For the last few years, schools in the USA have quickly banned candy bars, bags of potato chips, sodas and vending machines have began to go away. Even in some middle schools and high schools the fundraising strategies have switched direction - forget selling candies to buy soccer uniforms. Salads, granola bars and fruits have taken the place of chocolate bars and high calorie snacks.
Jennifer Van Hook, a sociology professor at Pennsylvania State University, explained that the results of this study were so surprising that researchers actually held off the results to ensure that all the data collected was accurate (really?). Using data from a national survey that tracked 19,500 students in the US who attended schools in both 5th grade and 8th grade, researchers found that even though there had been a significant increase in the percentage of schools selling junk food in that time frame (isn’t this a little contradictory? First they tell us that junk food is going extinct…and then they tell us quite the contrary, that it has been on the rise 2 years ago…raaaaaaaaaight), there was no corresponding rise in the percentage of students who where overweight or obese. Instead, the percentage of overweight students dropped from 39 per cent to 35 per cent.
In Canada, provinces like Quebec, Ontario, Nova Scotia, British Columbia and New Brunswick have mandatory food and beverage policies at schools. The findings of this study question the effectiveness of these provincial initiatives aimed to restrict junk food in schools.

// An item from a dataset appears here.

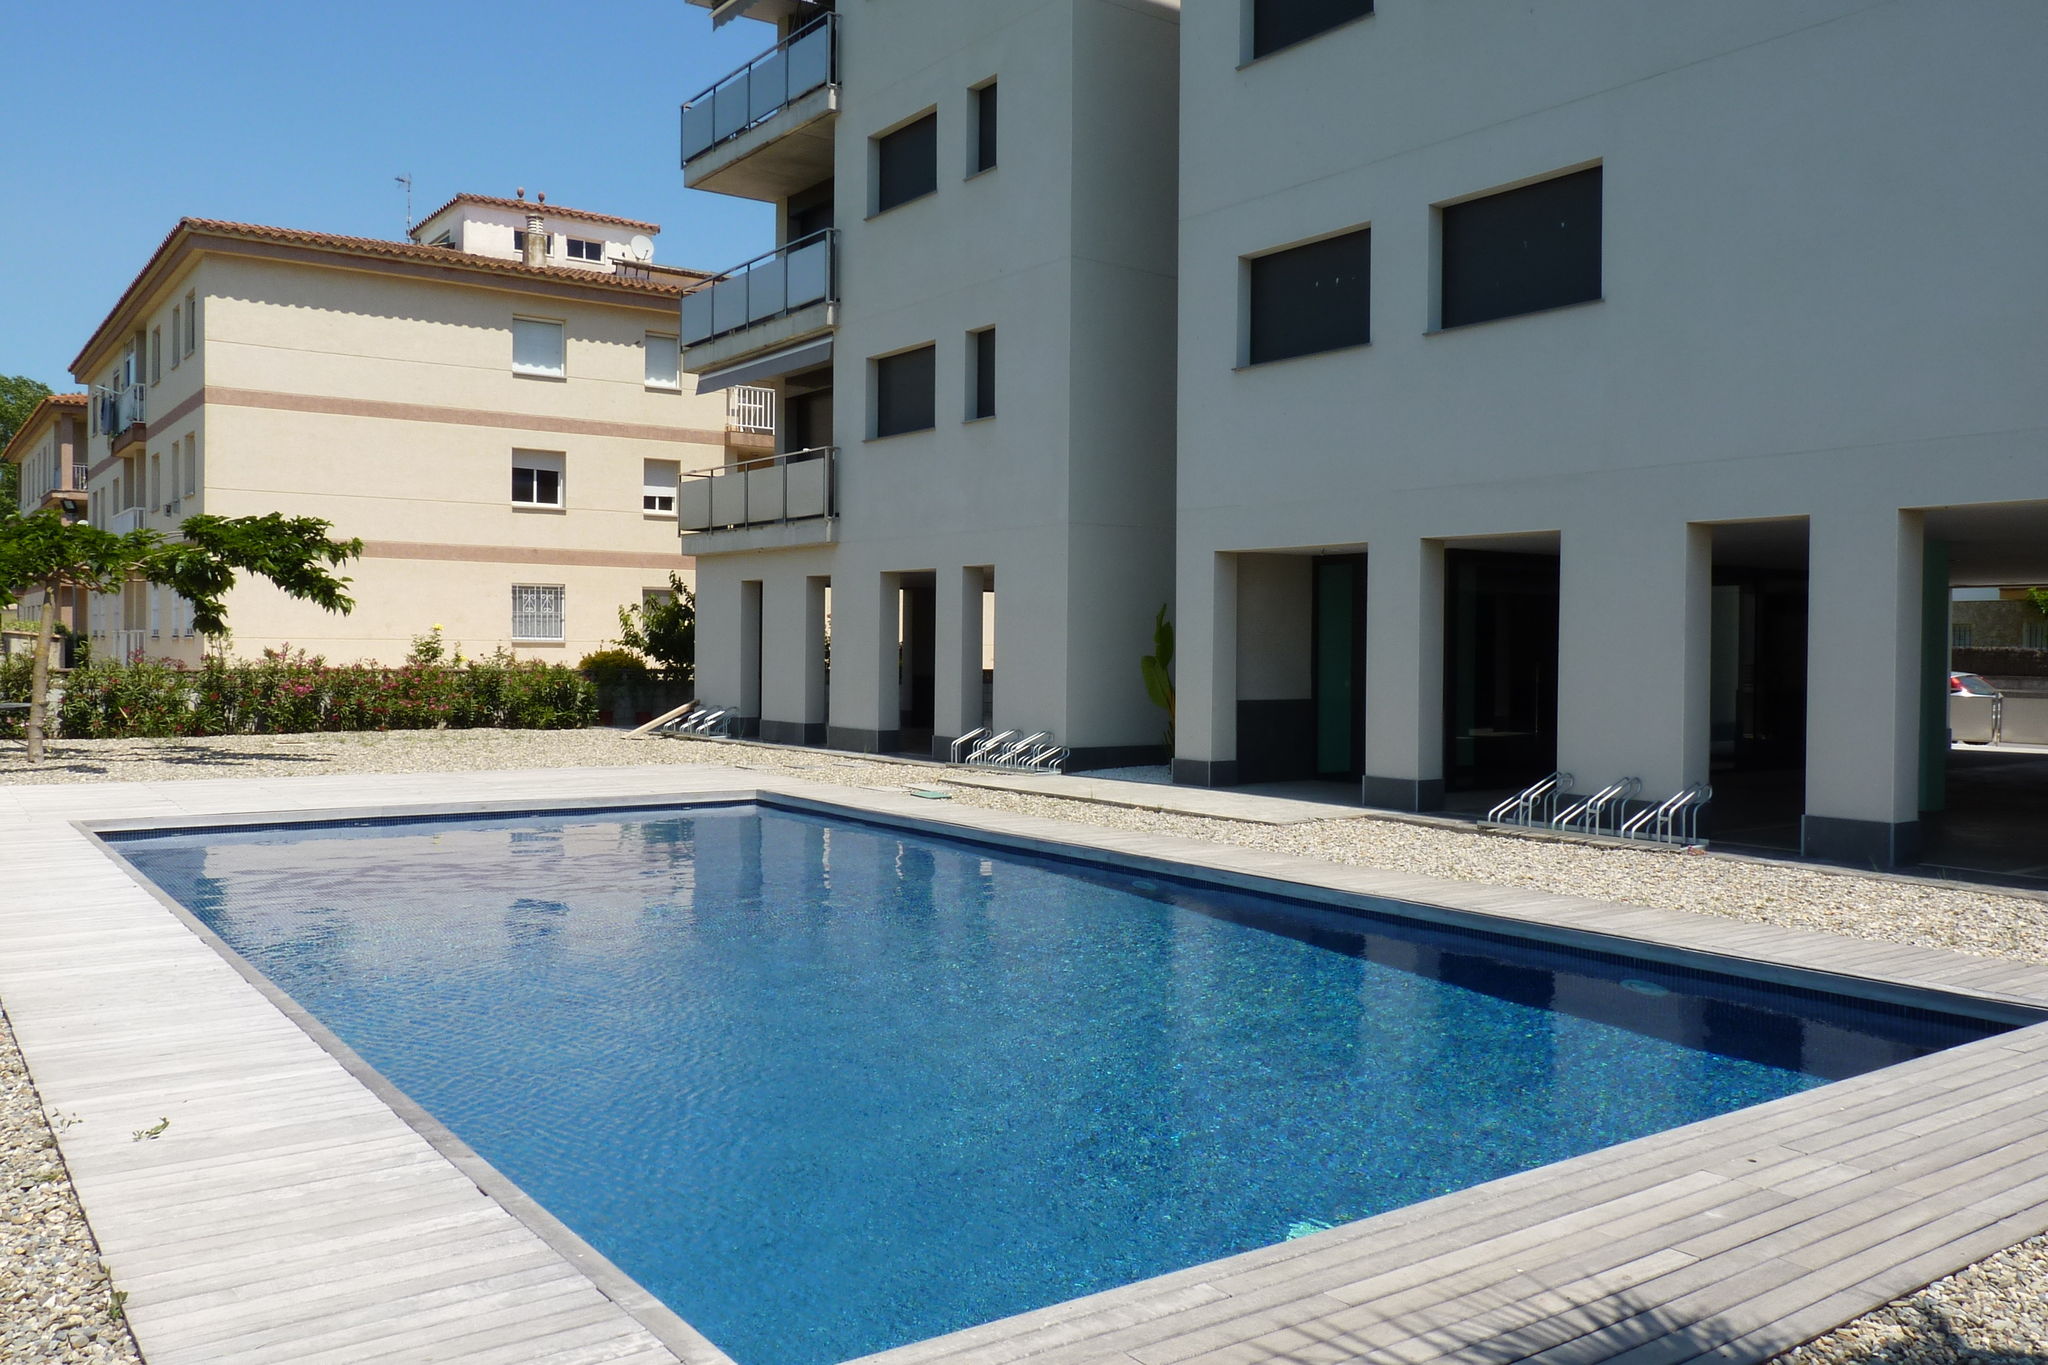 Bel appartement avec piscine commune à St Pere Pescador

It would be interesting to see, and there is nothing on this report that points our or mentions this, if students in this study were affected by a change or increase in physical education and physical activity. A lot of american schools have also instituted a bump in their physical activity programs as a result of heavy criticism from many organizations and groups that claim (and they are right, without a doubt), that the sedentary ways of life of today’s youth have a direct impact of the increase in obesity in kids.
Also, students get in most cases, only 1 meal per day at school. Parents are for the most part, still responsible for breakfast and dinners. A lot of these students frequent fast food venues as well and the new options offered by restaurants could definitely have an impact in how fat (sorry, how obese) kids get. I can lose weight by eating a high-fat and high-calorie lunch every day…no doubt. What I would be failing to disclose is that I am eating a healthy breakfast and dinner and exercise for an hour every day. I am not fond of the study at all. It is misleading and it has a lot of room for interpretation.
Just give kids a soccer ball and send them out to play…problem solved (I am being sarcastic - but it worked for me when I was growing up).